Activity. Once the line holding "Truck 71 chevy" is found in the entries below, transcribe exactly every line up to and including the one holding "02da3cd3d49d8 ... Adidas", but leave out the pictures.

Records shown.
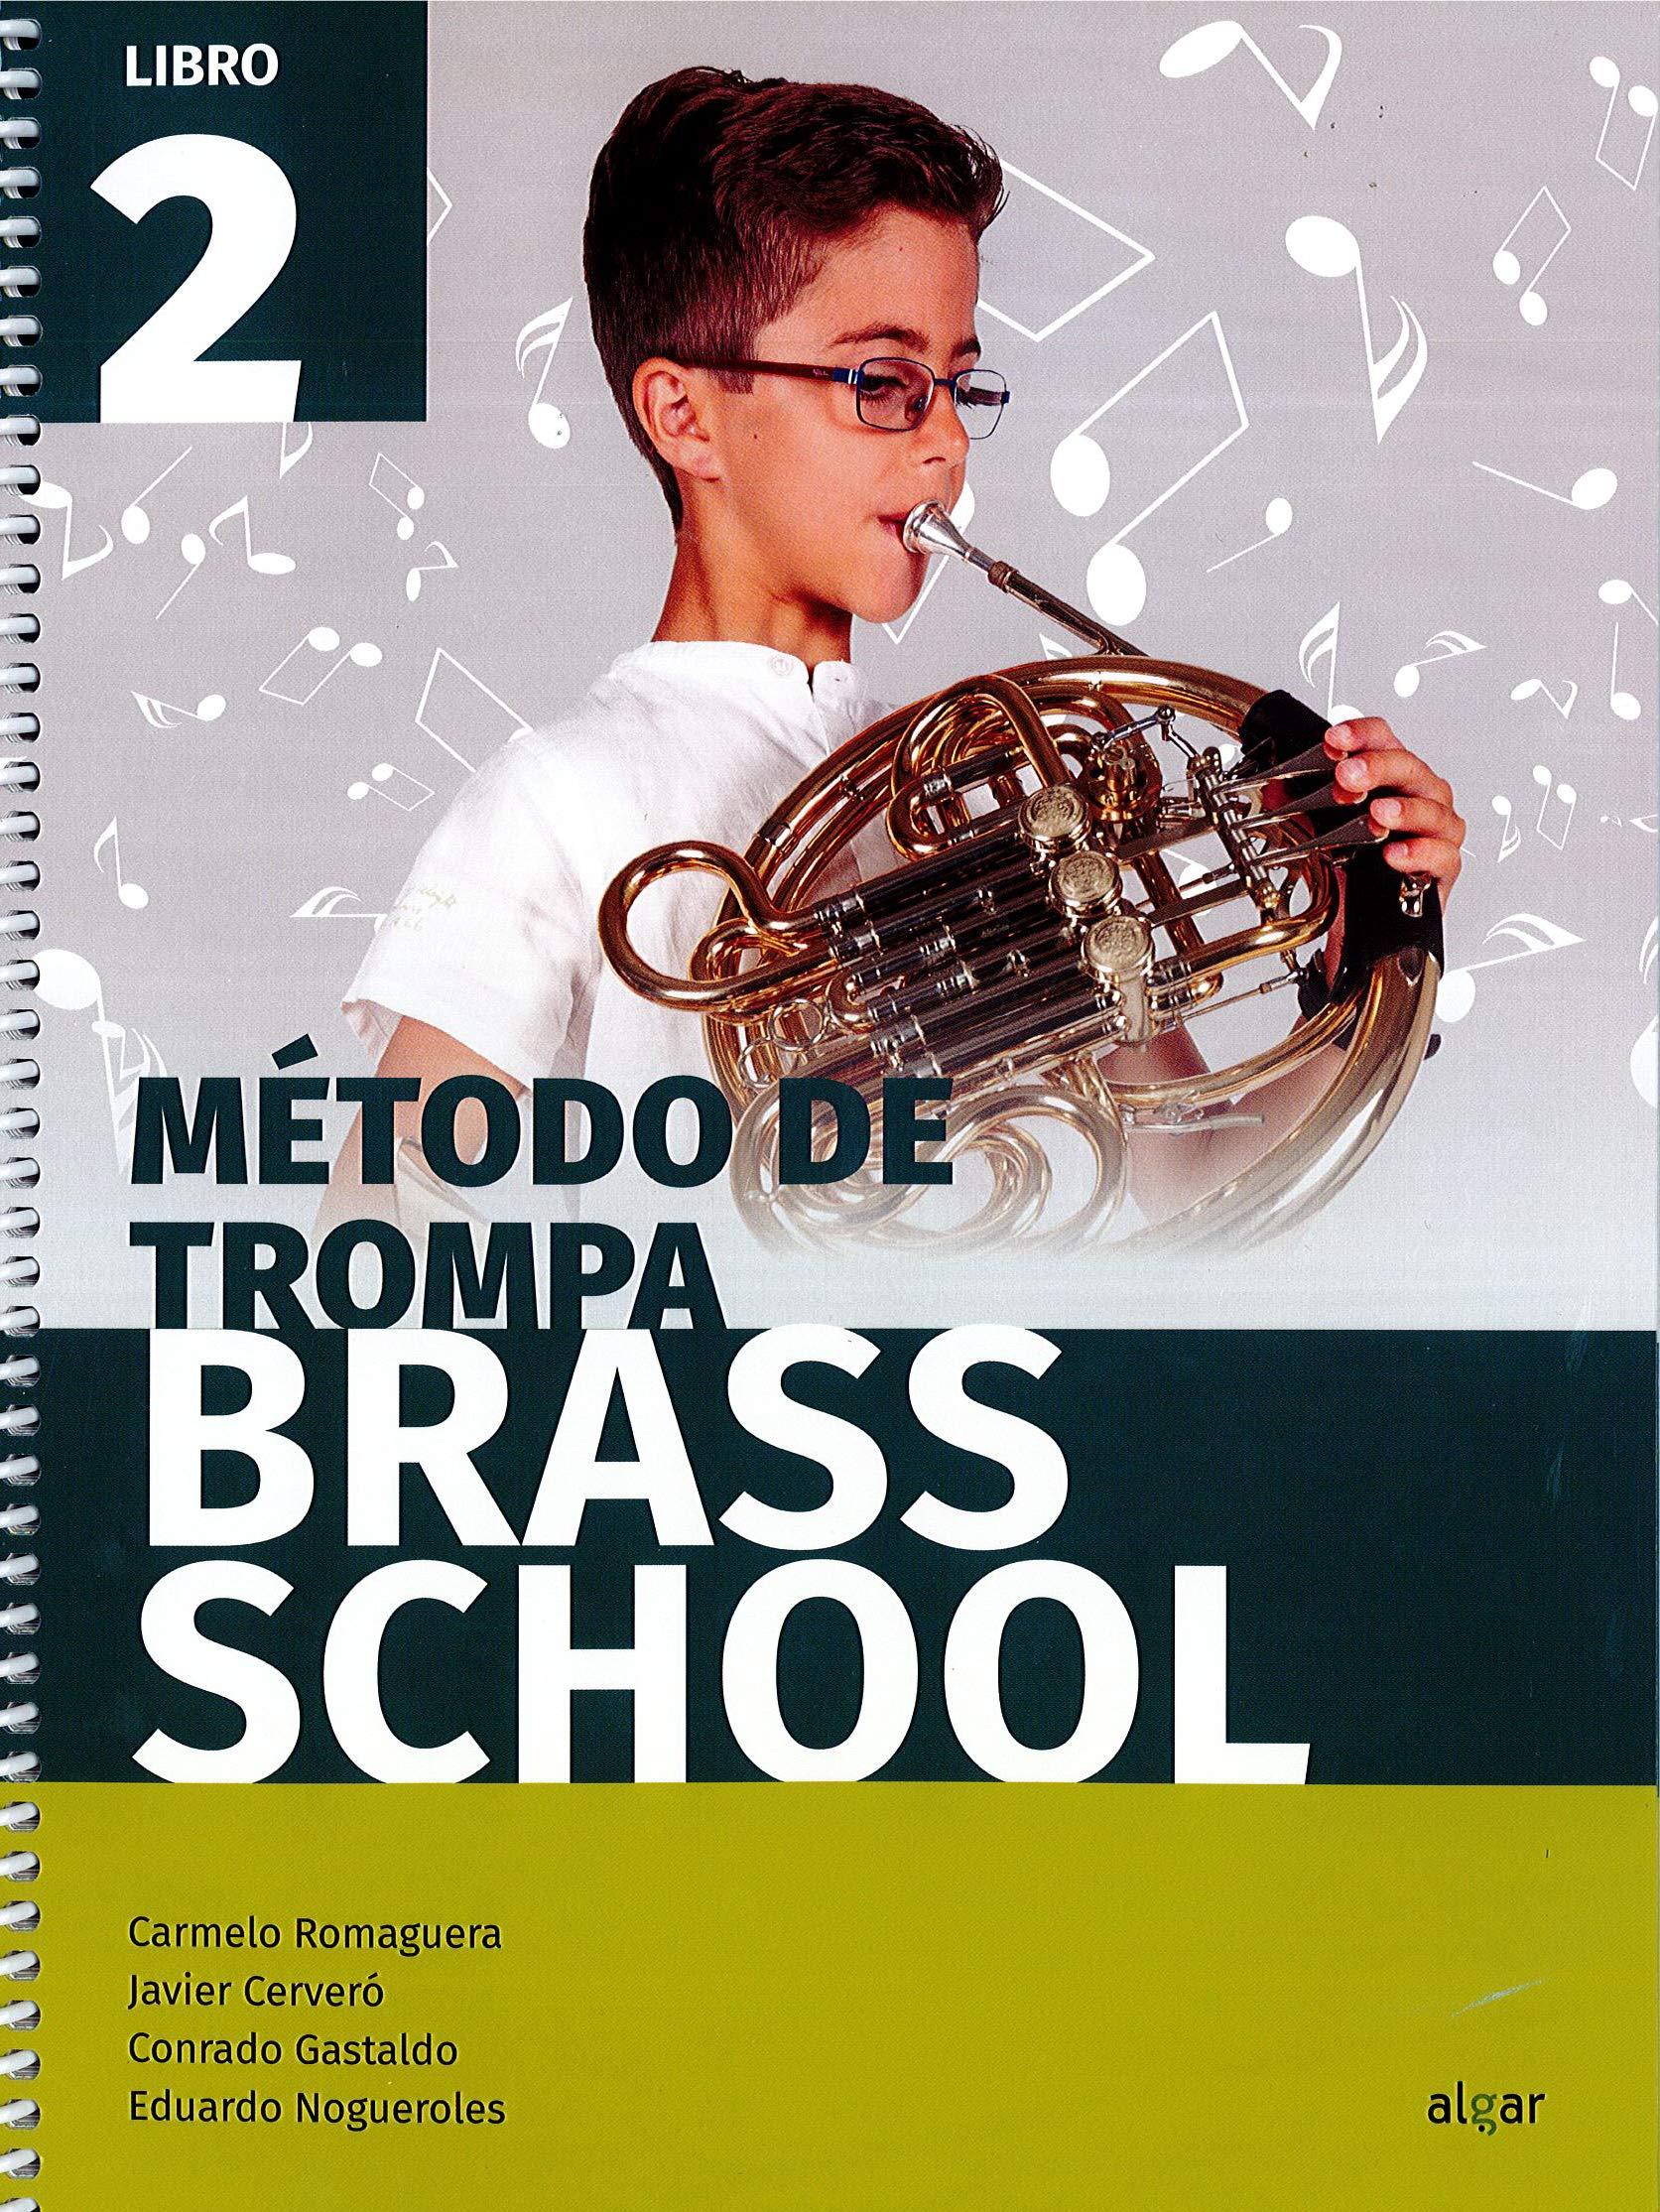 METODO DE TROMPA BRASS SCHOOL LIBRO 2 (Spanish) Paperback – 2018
---
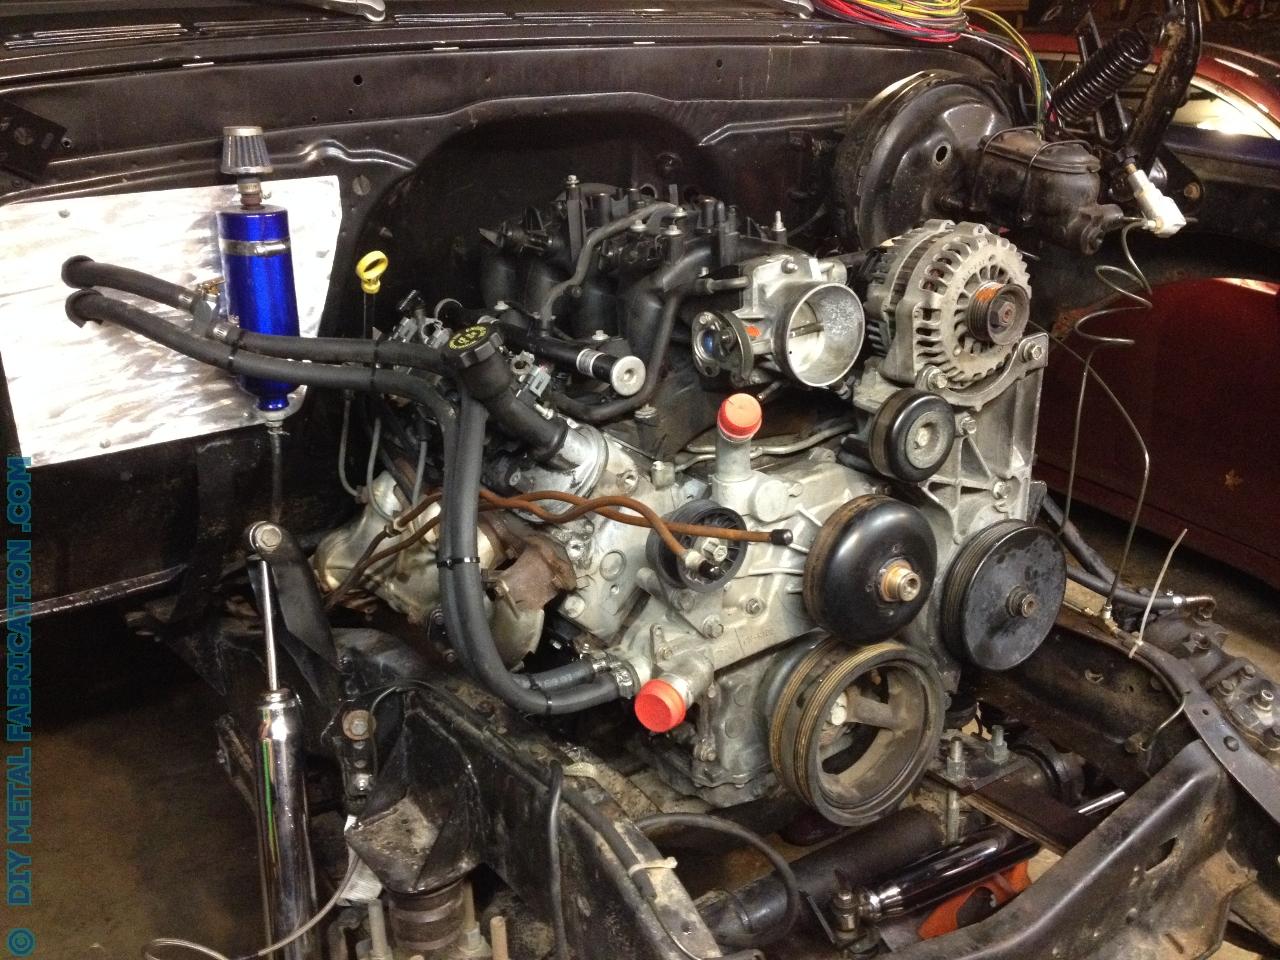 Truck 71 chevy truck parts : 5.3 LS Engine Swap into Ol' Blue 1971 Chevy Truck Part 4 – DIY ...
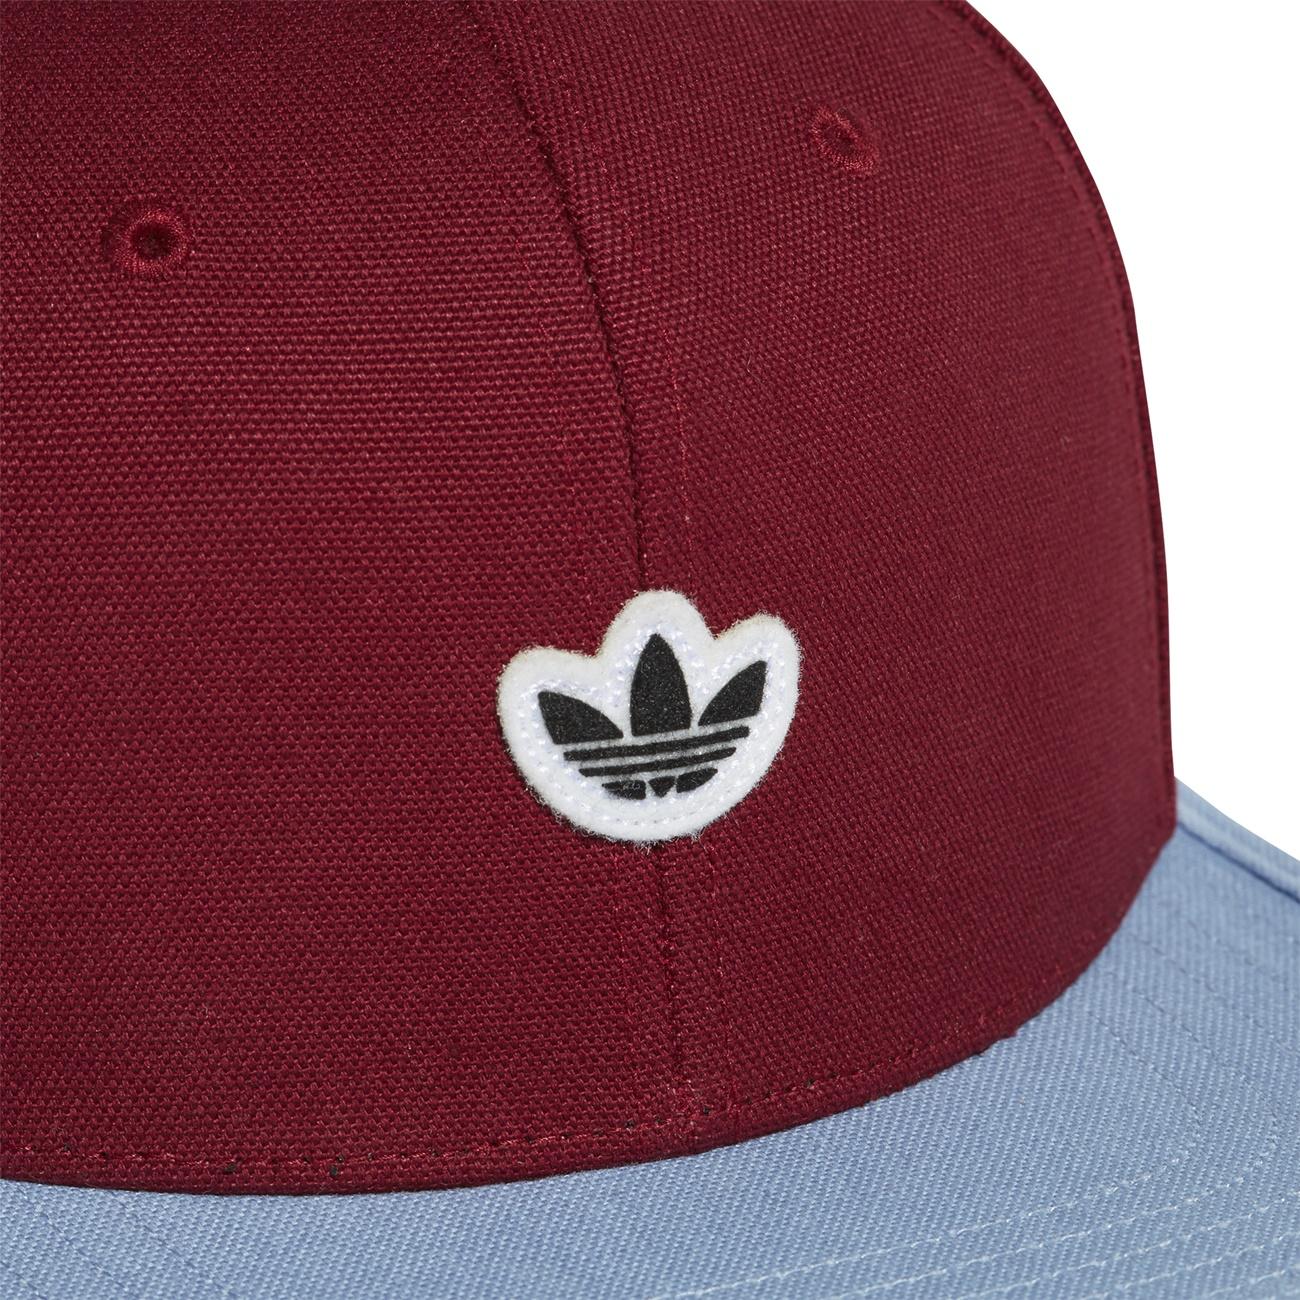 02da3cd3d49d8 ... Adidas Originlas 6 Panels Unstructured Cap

Task response.
 Truck 71 chevy truck parts : 5.3 LS Engine Swap into Ol' Blue 1971 Chevy Truck Part 4 – DIY ...
 02da3cd3d49d8 ... Adidas Originlas 6 Panels Unstructured Cap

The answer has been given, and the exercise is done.